Тетушка повесила трубку, и я собрался было набросать текст телеграммы, но как это всегда бывает после такого напряжения, мною овладела сильная тяга, тяга принять. Как бы сказал Дживз, о дайте мне бокал бодрящей влаги. Поэтому я позвонил в колокольчик и откинулся в кресле. В этот момент дверь открылась и ко мне в комнату вкатилось круглое существо с лысой головой и мохнатыми бровями. Я испуганно вскочил. Я совсем забыл, что позвякивание колокольчиками в Бринкли при данных обстоятельствах чревато появлением сэров Родериков Глоссопов.

Всегда очень трудно выбрать тему разговора с помесью дворецкого и психиатра, особенно если твои отношения с последней его половиной были не очень-то дружескими. Я был в замешательстве. Между тем я был мучим жаждой, как олень уже склонившийся над водопоем.
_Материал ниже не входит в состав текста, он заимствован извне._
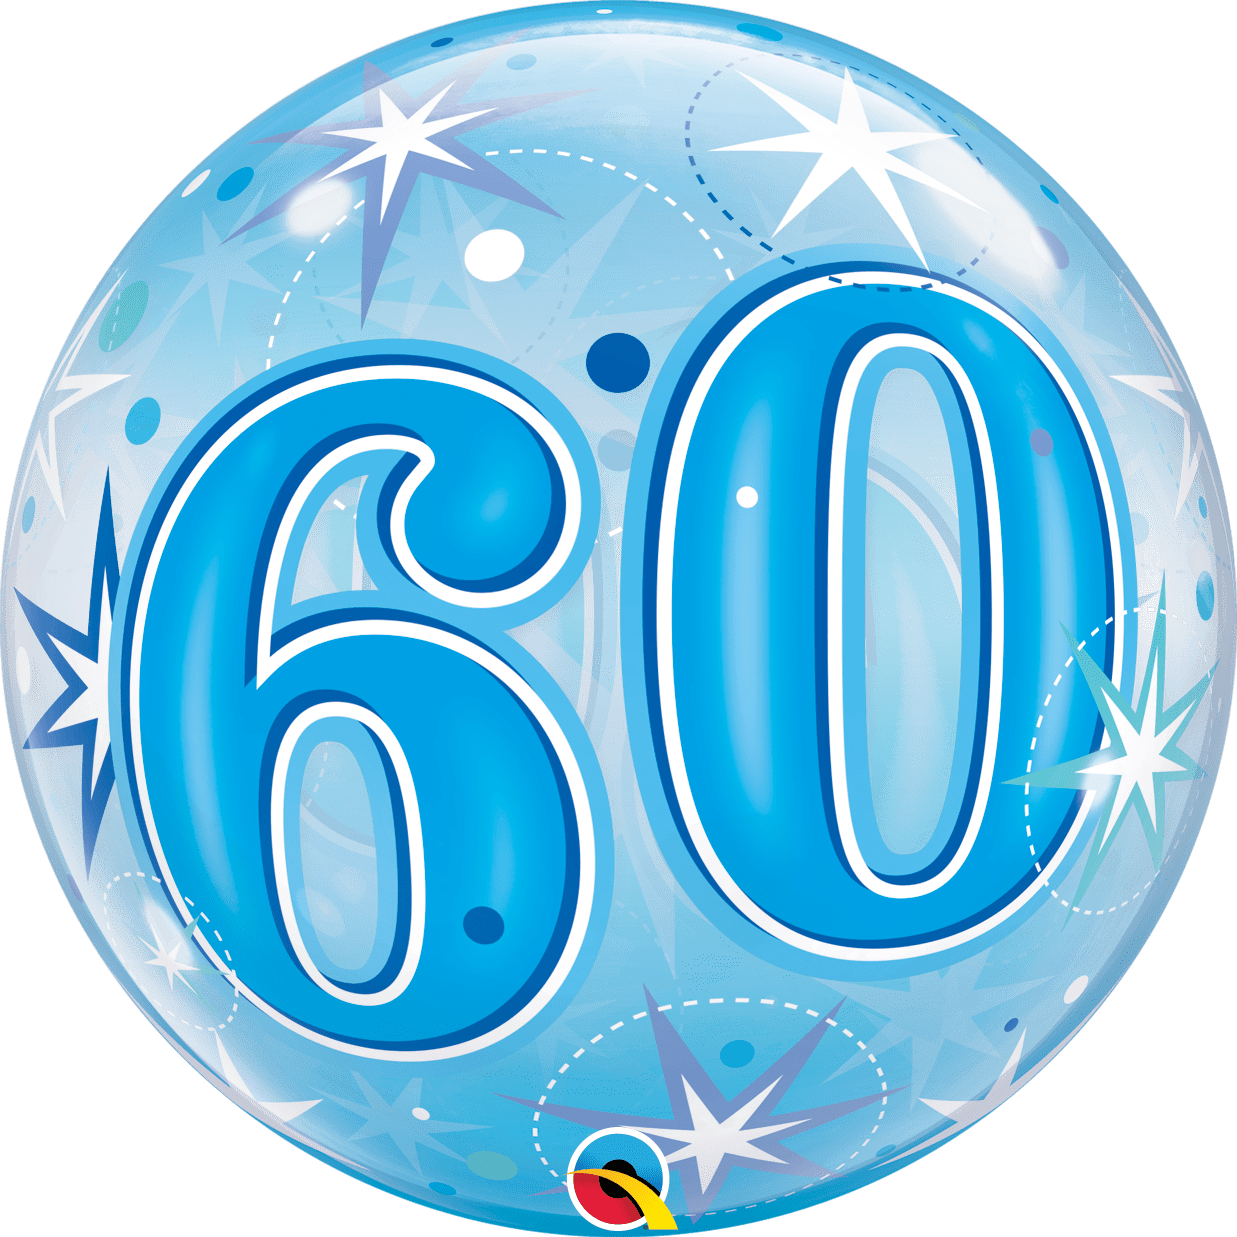 60th Birthday Balloon In A Box - 60th Birthday Balloon In A Box (1237x1237)
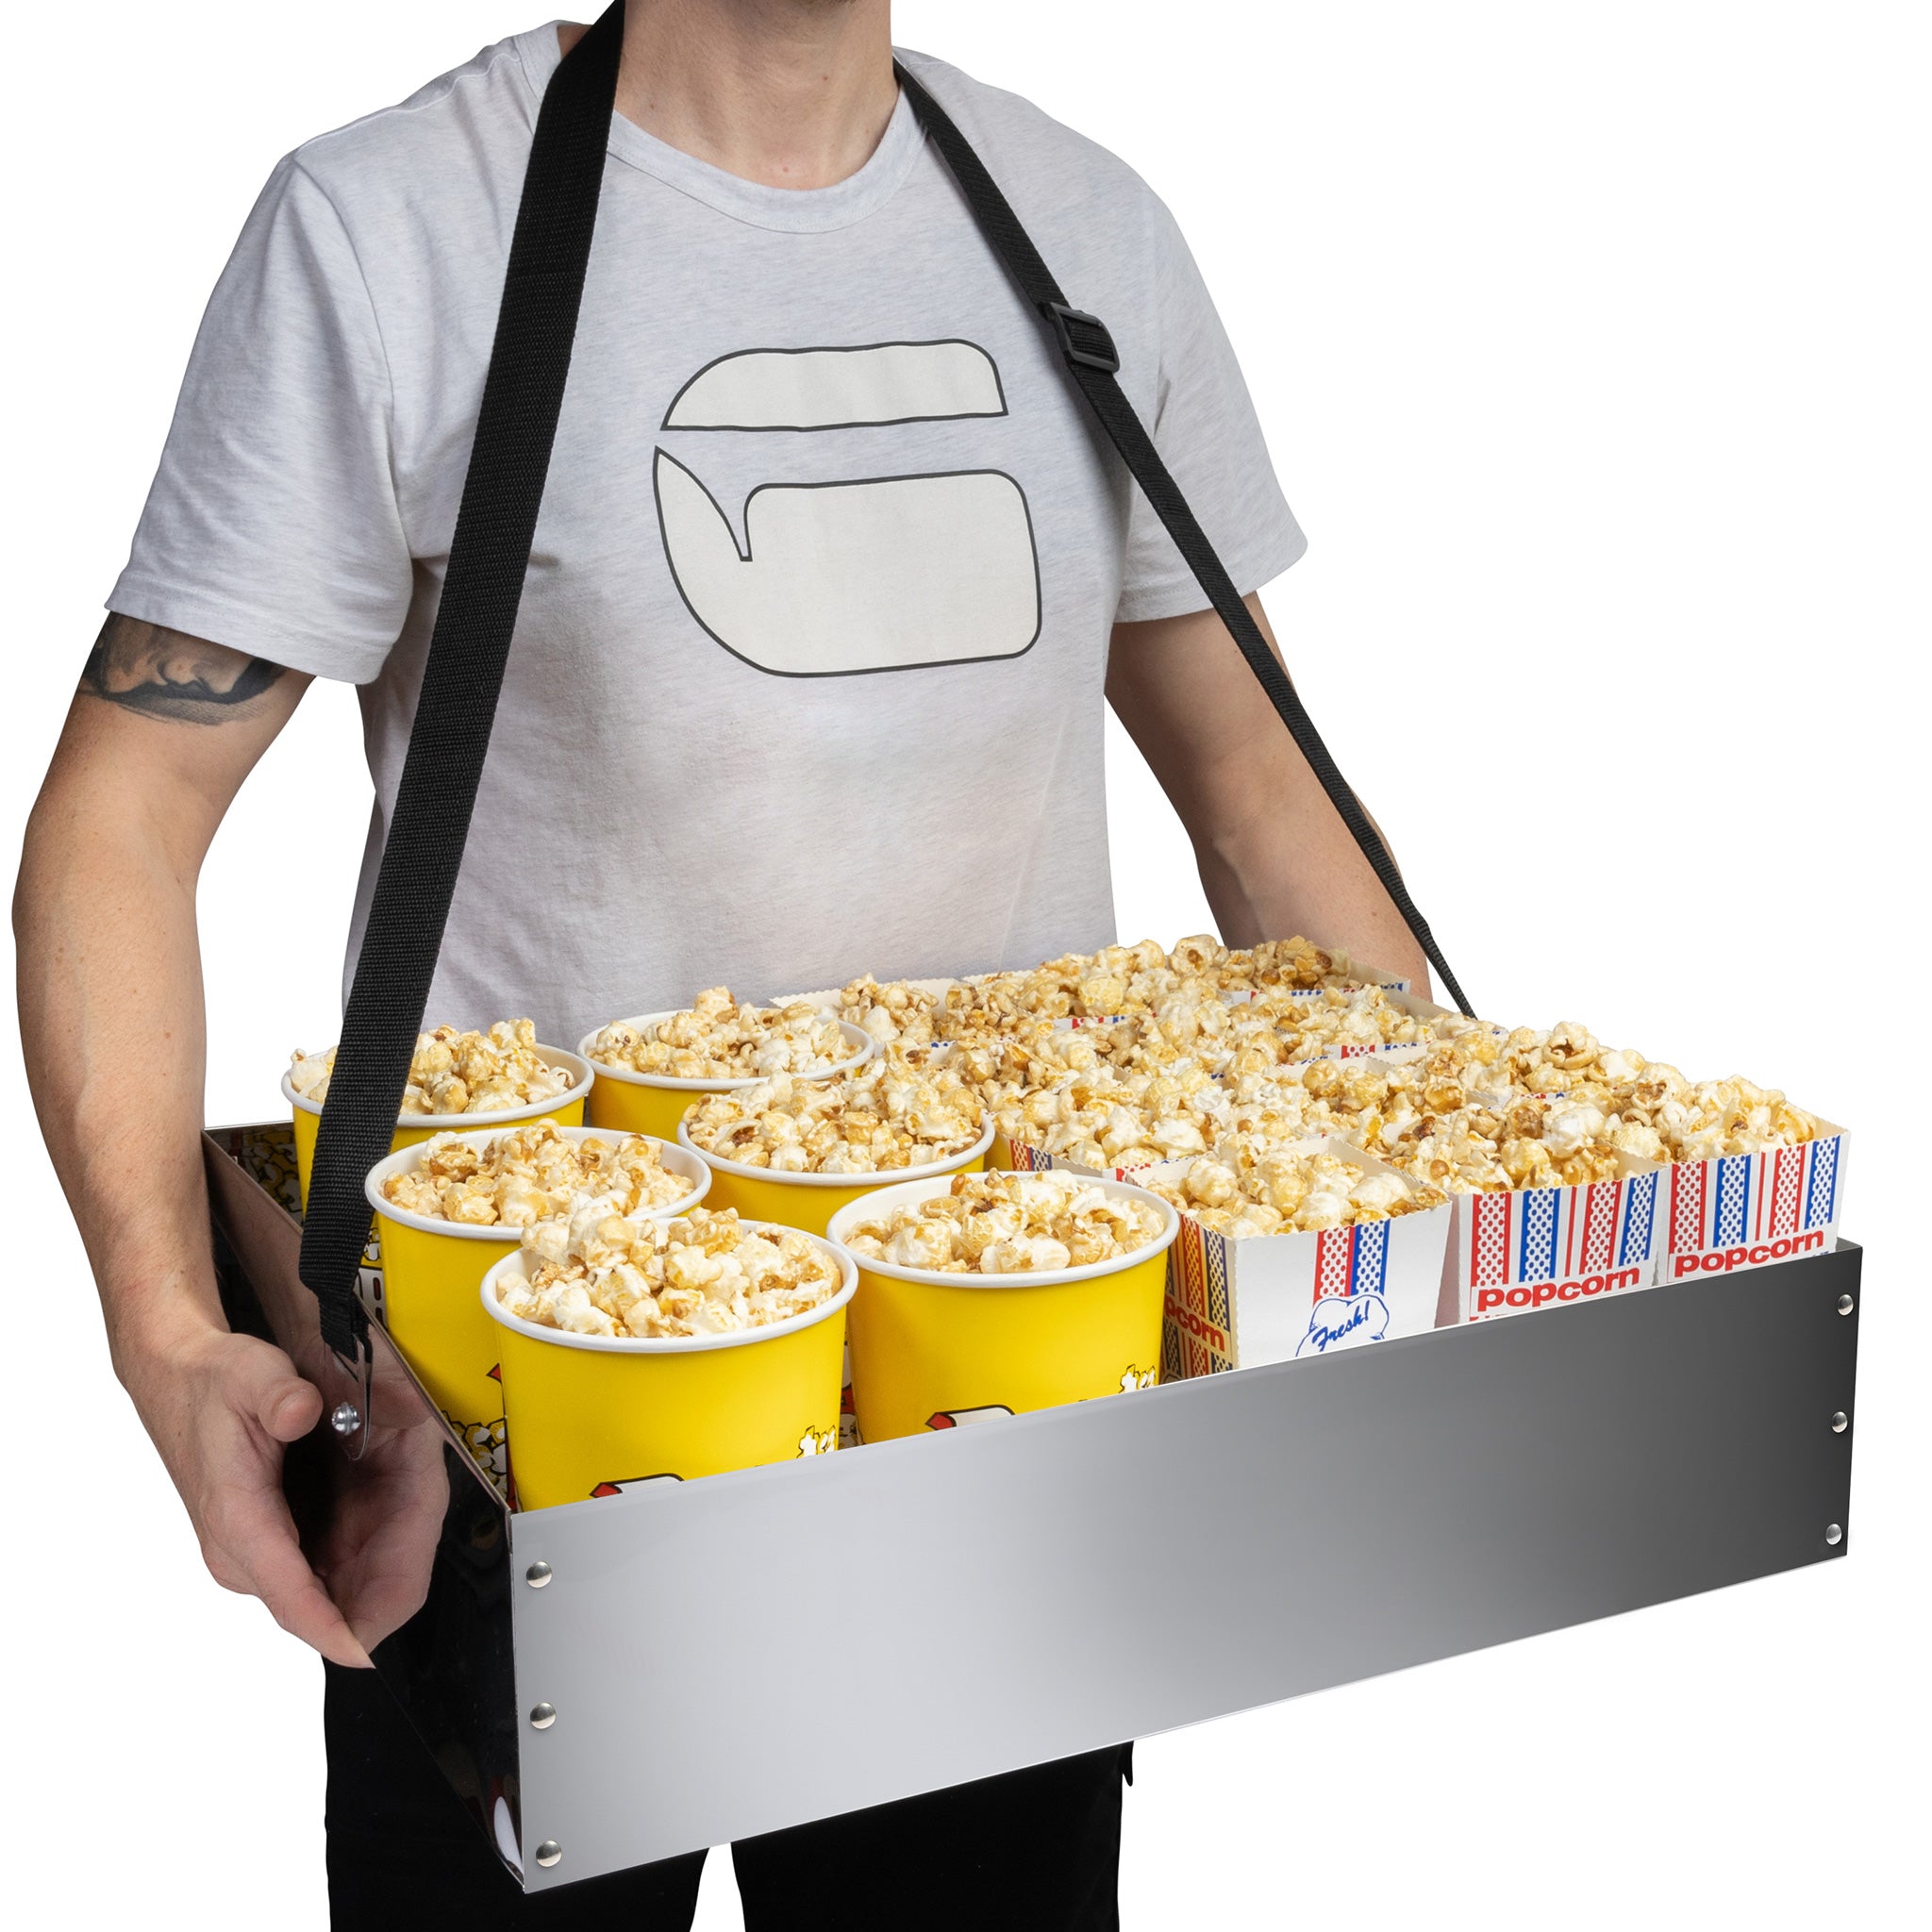 Popcorn Vendor Tray

Но попробуйте попросить такого дворецкого стаканчик виски с содовой: может последовать реакция психиатра! Правда, важно, какая именно часть его личности будет преобладать над ним в данный момент. Но я с облегчением увидел, что он добродушно мне улыбается и выказывает готовность к милому общению. Самое главное в нашей беседе будет только не затрагивать тему о грелках.

— Добрый день, мистер Вустер. Я все собирался поговорить с вами с глазу на глаз. Но я думаю, что мисс Уикам уже объяснила вам обстоятельства дела? Да? Тогда все проще, и я напрасно боялся, что вы случайно меня можете выдать. Вы уже знаете, что ни под каким видом миссис Крим не должна знать мое истинное лицо?

— Разумеется. Печать молчания. Да пойми она, что вы просвечиваете ее сына на предмет того, каким материалом набита его голова, я думаю, она бы обиделась, а может даже возмутилась.

— Именно так.

— Ну и как?

— Простите?

— Ваше просвечивание. Наблюдаются ли у испытуемого признаки спячивания?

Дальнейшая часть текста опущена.